Suppose $f: \mathbb{R}^n \rightarrow \mathbb{R}^n$ is a smooth map such that $|Df(p)(u)| = |u|$ for all $p, u \in \mathbb{R}^n$. Prove that $f$ preserves distances, i.e. $|f(p) - f(q)| = |p - q|$ for all $p,q \in \mathbb{R}^n$.
I've already shown that $Df(p)$ is an isomorphism and a linear isometry, and therefore $f$ is a diffeomorphism. How do I go from here to showing that $f$ preserves distances?

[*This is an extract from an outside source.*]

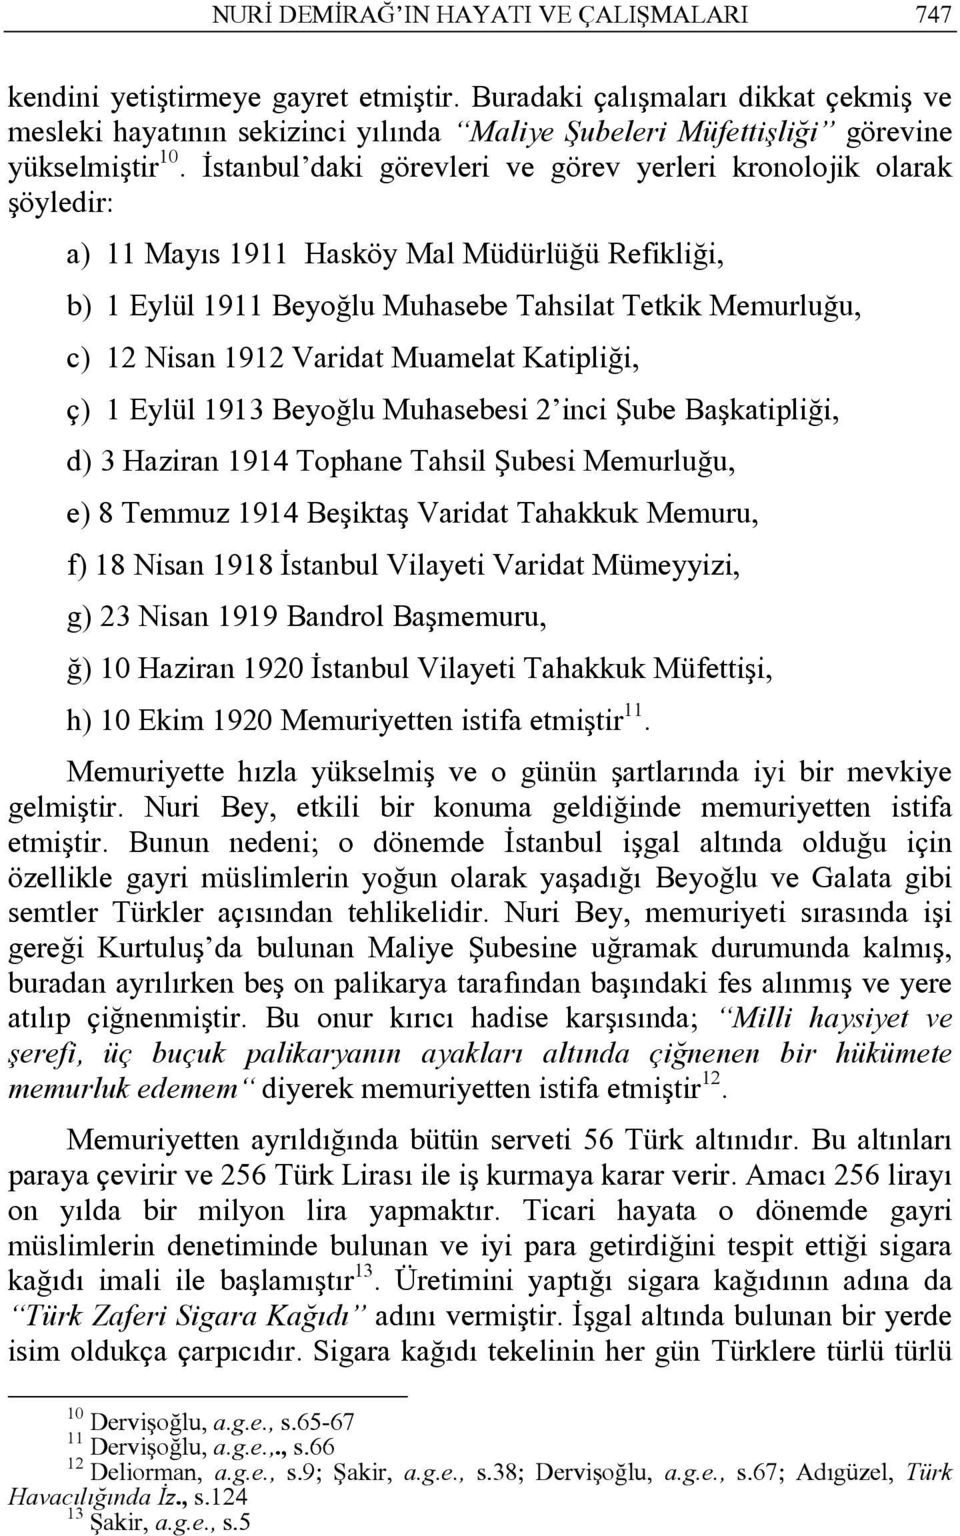 İstanbul daki görevleri ve görev yerleri kronolojik olarak şöyledir: a) 11 Mayıs 1911 Hasköy Mal Müdürlüğü Refikliği, b) 1 Eylül 1911 Beyoğlu Muhasebe Tahsilat Tetkik Memurluğu, c) 12 Nisan 1912

Let $p$, $q\in{\mathbb R}^n$ be given, let $$\gamma: \quad t\mapsto x(t):=(1-t)p+t q\qquad(0\leq t\leq1)$$ be the segment connecting $p$ with $q$, and let $$\gamma':\quad t\mapsto g(t):=f\bigl(x(t)\bigr)\qquad(0\leq t\leq 1)$$ be its image curve. Then $g'(t)=df\bigl(x(t)\bigr).x'(t)$ and therefore $|g'(t)|=|x'(t)|$, by assumption on $df$. It follows that $$|f(p)-f(q)|\leq L(\gamma')=L(\gamma)=|p-q|\ ,$$ whatever $p$, $q\in{\mathbb R}^n$.
On the other hand, our $f$ is a local diffeomorphism, hence each point $p$ has a neighborhood $U$ which is bijectively mapped onto a neighborhood $V$ of $p'=f(p)$. Points $q'$ nearby $p'$ can be joined to $p'$ with a segment that has a preimage in $U$, so that (applying the above argument to the local $f^{-1}$) we now also have $|p-q|=|f^{-1}(p')-f^{-1}(q')|\leq |p'-q'|$. This shows that $f$ is a local isometry, and allows to conclude that the image of a line is straight all the way. That should suffice.